Cet état de fait avait suscité l’ire des avocats de la défense. Dans une déclaration datée du 24 septembre, Mes Zeus Ajavon, Jonas Sokpoh, Jerôme Amekoudji et Raphaël Kpande-Adzare avaient exigé que « tous les détenus ainsi transférés soient ramenés sans délai à la prison civile de Lomé en vue de la poursuite de l’enquête diligentée par la Commission Nationale des Droits de l’Homme », car cela y va du « sérieux de l’enquête et de la crédibilité de la CNDH ». Toujours dans le souci de faciliter les confrontations, les avocats avaient requis des décideurs de démettre les bourreaux désignés, des postes de responsabilité occupés car, estiment-ils, ces officiers des corps habillés ont encore les moyens de se venger de leurs accusateurs. Mais le pouvoir qui déclare être disposé à faire la lumière sur ces faits n’a donné aucune suite à ces demandes. Toutes ses actions concourent plutôt à entraver la lumière sur ces allégations.
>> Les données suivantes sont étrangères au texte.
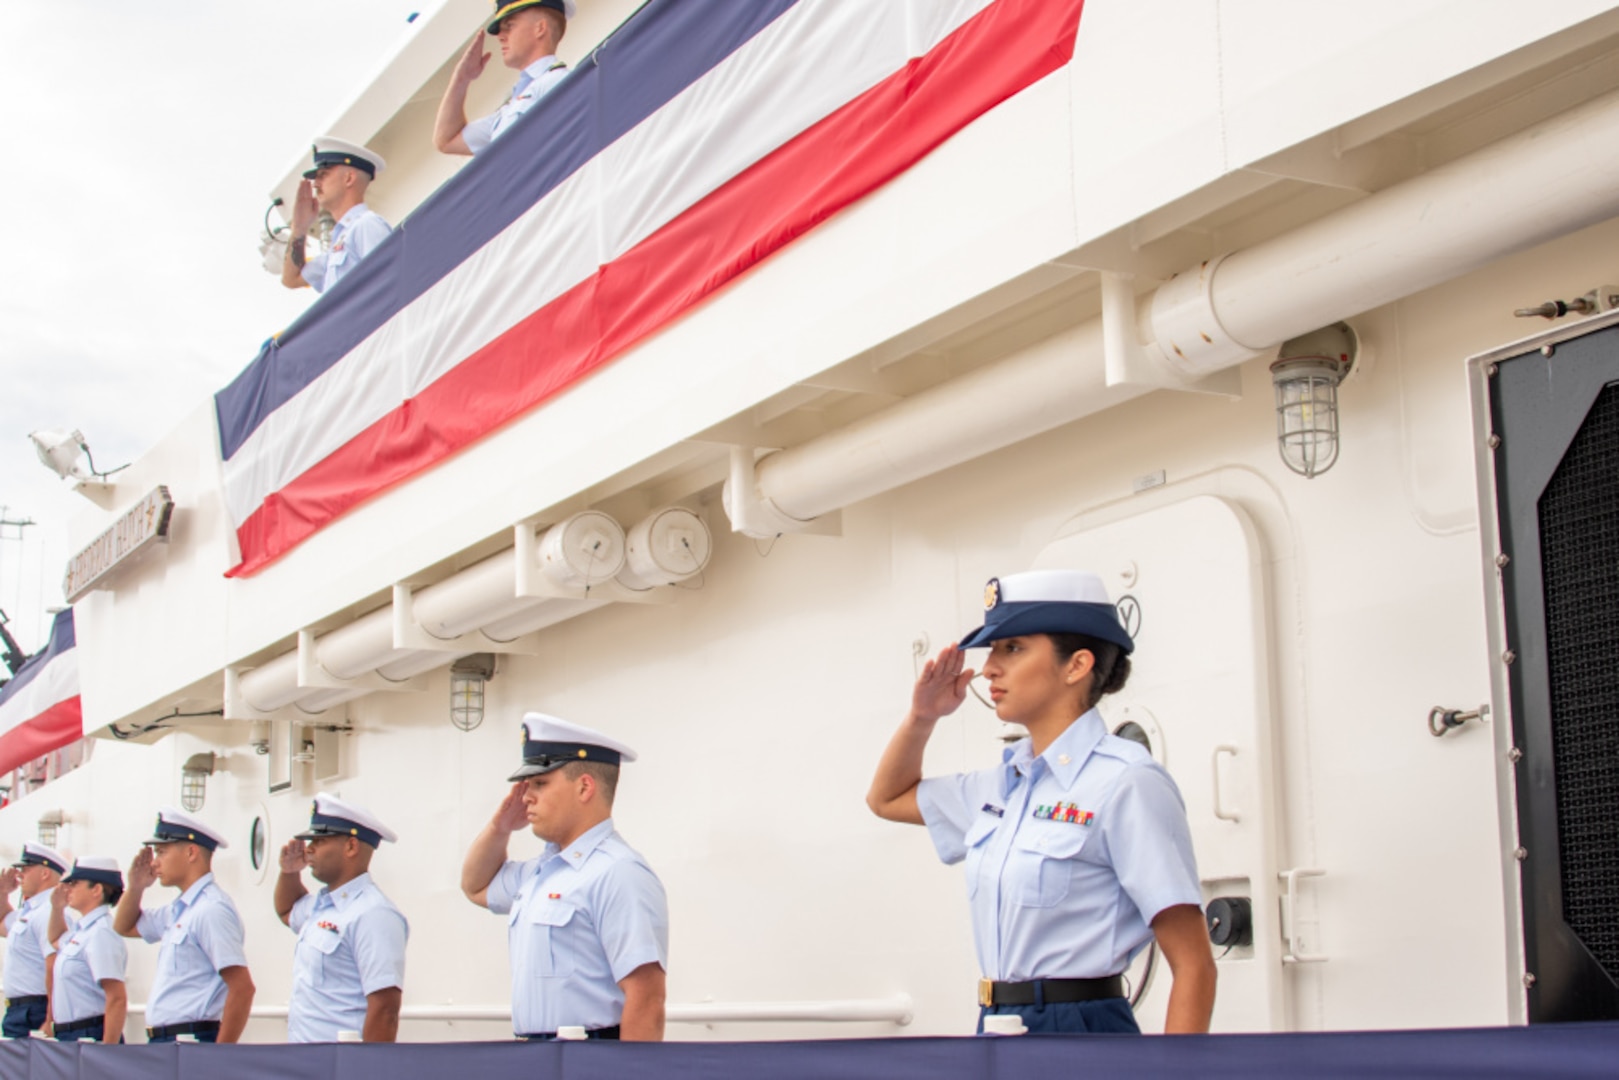 The crew of Coast Guard Cutter Fredrick Hatch salute during a rare triple-commissioning ceremony at Coast Guard Sector Guam July 29, 2021. During the ceremony, Coast Guard Cutters Myrtle Hazard, Oliver Henry and Fredrick Hatch were commissioned.

Il faut constater aujourd’hui un manque notoire de volonté de la part des gouvernants de faire la lumière sur ces révélations de tortures, qui dépassent d’ailleurs le simple cadre d’allégations. Car c’est depuis belle lurette que des cas de traitements inhumains et dégradants étaient rapportés par la presse. Et au cours du procès, les prévenus ont confirmé à la barre, devant le peuple togolais, révélant d’autres pans de ces tortures subies. Sous le coup de l’émotion, certains ont même proféré des menaces à l’encontre de leurs bourreaux. On serait dans un pays normal que ces officiers cités plus d’une fois déjà, auraient été appréhendés, car il existe des dispositions juridiques qui autorisent l’arrestation des personnes citées dans des cas de tortures, sur de simples aveux de victimes. Malheureusement les tortionnaires se la coulent douce.
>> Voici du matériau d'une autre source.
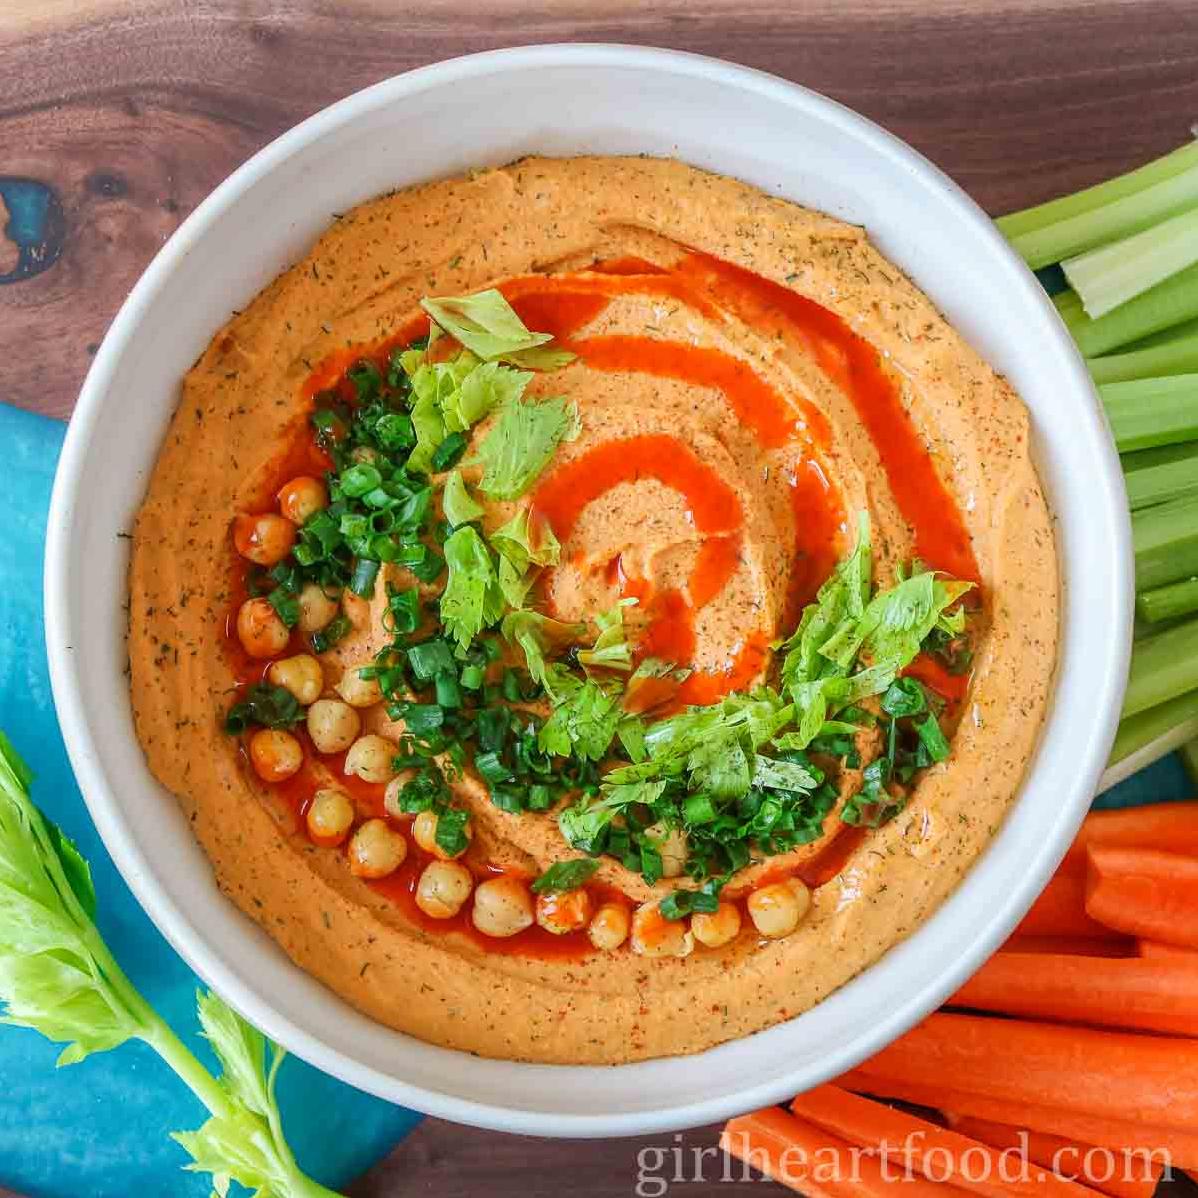  Fuel your spicy cravings with this amazing twist on classic hummus.

Le pouvoir devant être entendu en octobre dernier dans le cadre de l’Examen périodique universel (Epu), il a clamé vouloir faire la lumière sur ces cas de tortures. Mais c’était juste un clin d’œil au Conseil des droits de l’Homme des Nations Unies. Cet examen passé, il semble oublier ses engagements. A preuve, les enquêtes sur ces faits avérés traînent depuis plus de trois mois. Et Dieu seul sait si le dossier n’est pas rangé au placard, pour être ressuscité au prochain Epu.